Pierre Kraehenbuehl, the committee's director of operations, said it was the only aid organization able to work throughout Iraq.
After the committee's Baghdad headquarters was bombed in 2003, workers began traveling incognito for fear that they would be targeted by armed groups.
"We urge all those who have, or may have, or may use their moral or political influence on the ground, to call for respect of human rights and dignity," Kraehenbuehl said.
Antonella Notari, another Red Cross official in Geneva, said the organization was in contact with the Iraqi Interior Ministry, which denied any involvement and was searching for the abductees.
Some Iraqi police and military units have been infiltrated by Shiite militias linked to ruling political parties.
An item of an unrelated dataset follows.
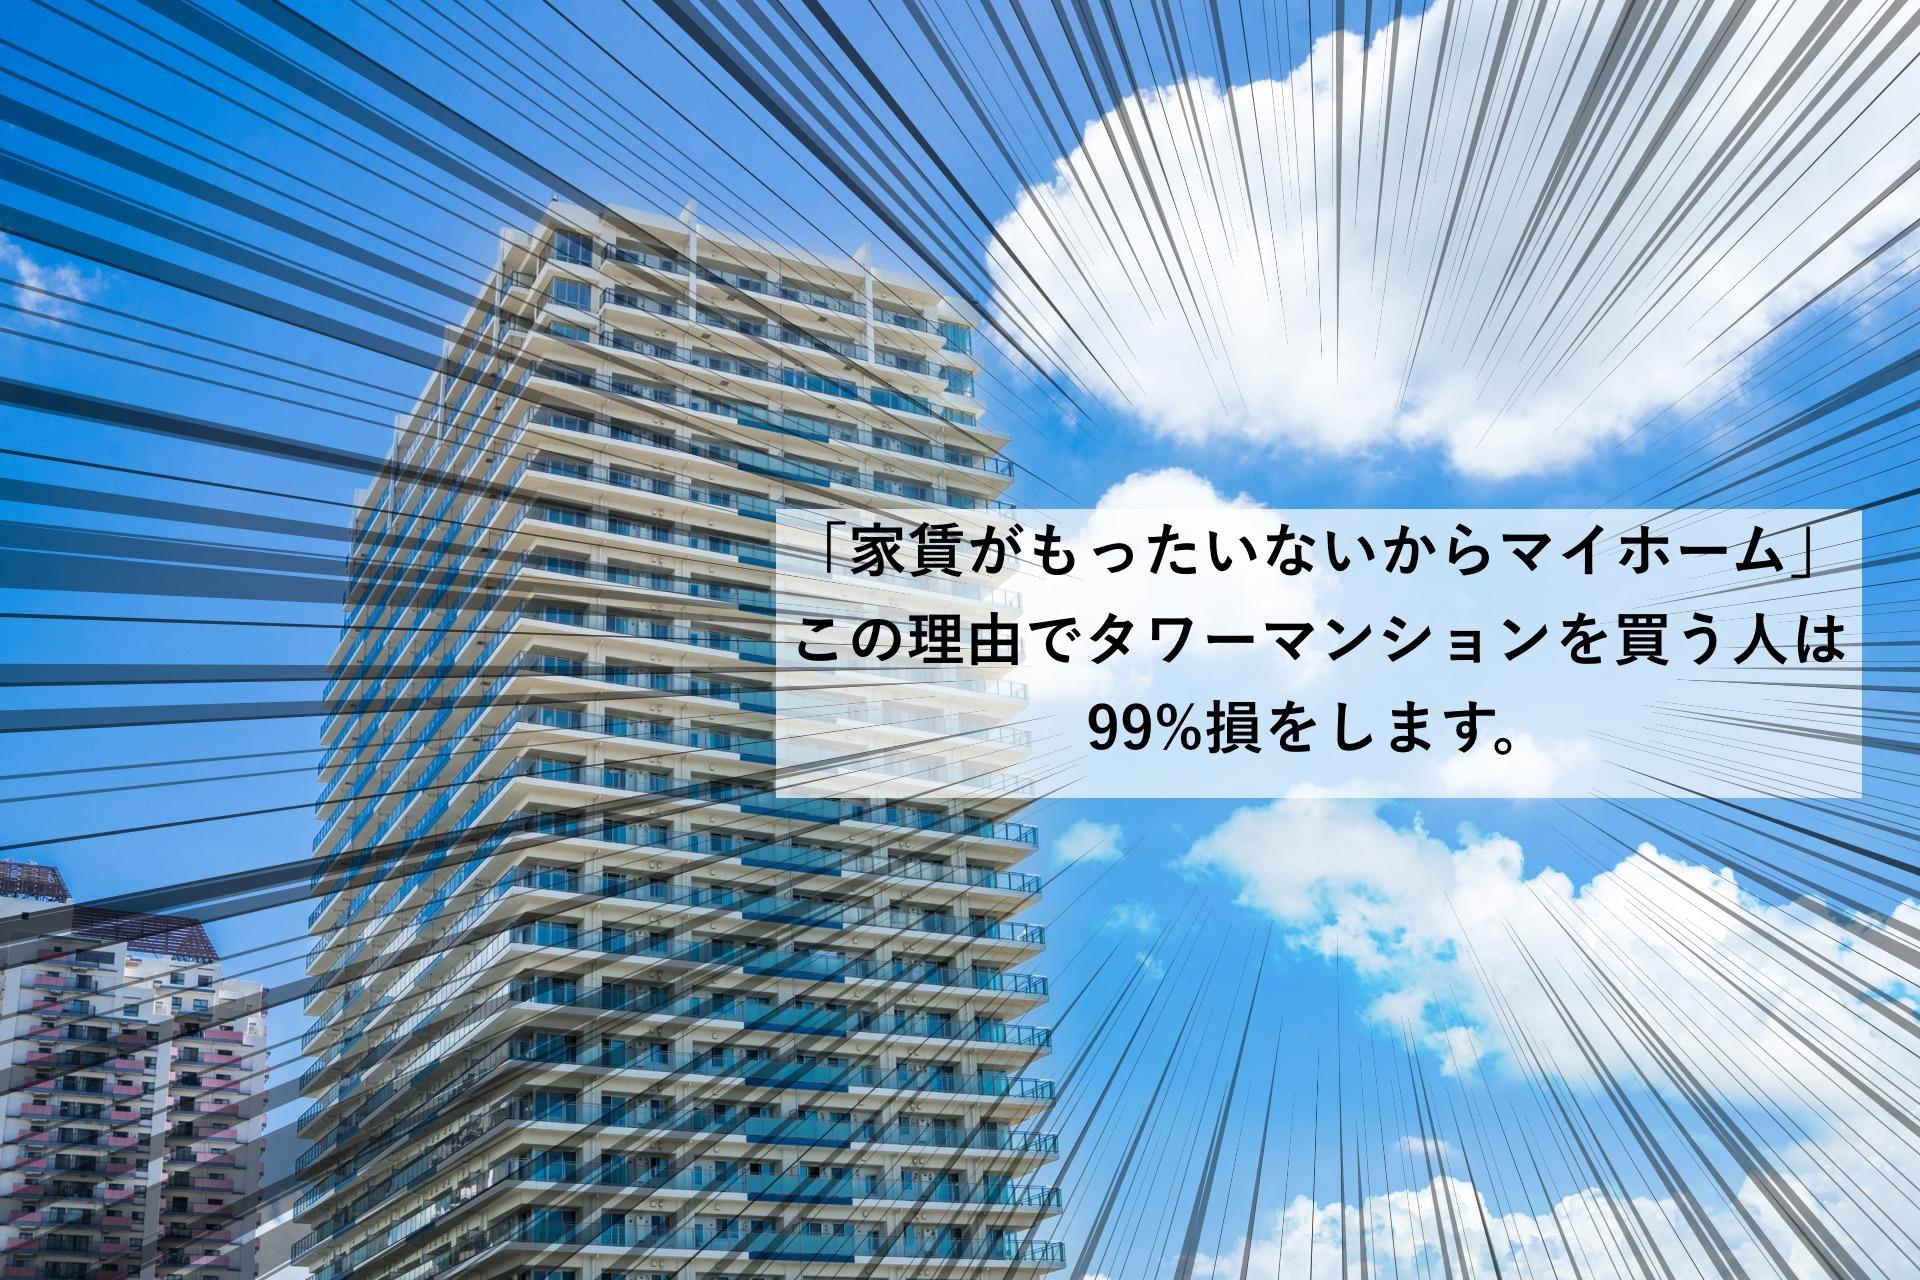 タワーマンション 将来 資産価値

Mazin Abdellaha, secretary-general of the Iraqi Red Crescent, said the agency "helps all people regardless of their sect or ethnicity."
Kraehenbuehl dismissed sug-gestions that the abduction was linked to recent comments by the Iraqi Red Crescent's vice president, Jamal al-Karbouli, that American forces represented a greater danger to its work than militants in the Sunni-dominated insurgency.
"The insurgents, they are Iraqis, a lot of them are Iraqis, and they respect the Iraqis. And they respect our [the Red Crescent's] identity, which is neutrality," al-Karbouli said on Friday.
Lieutenant Colonel Christopher Garver, a US military spokesman in Baghdad, said in response that the US-led coalition forces "strive to ensure they are respectful when they conduct interaction with the local population."
Many international aid organizations closed down their operations in Iraq as the security situation deteriorated after the US-led invasion that deposed former Iraqi president Saddam Hussein.
Margaret Hassan, the director of CARE International in Iraq and a citizen of Britain, Ireland and Iraq, was abducted in Baghdad in October 2004.
She was killed a month later and her body has never been found.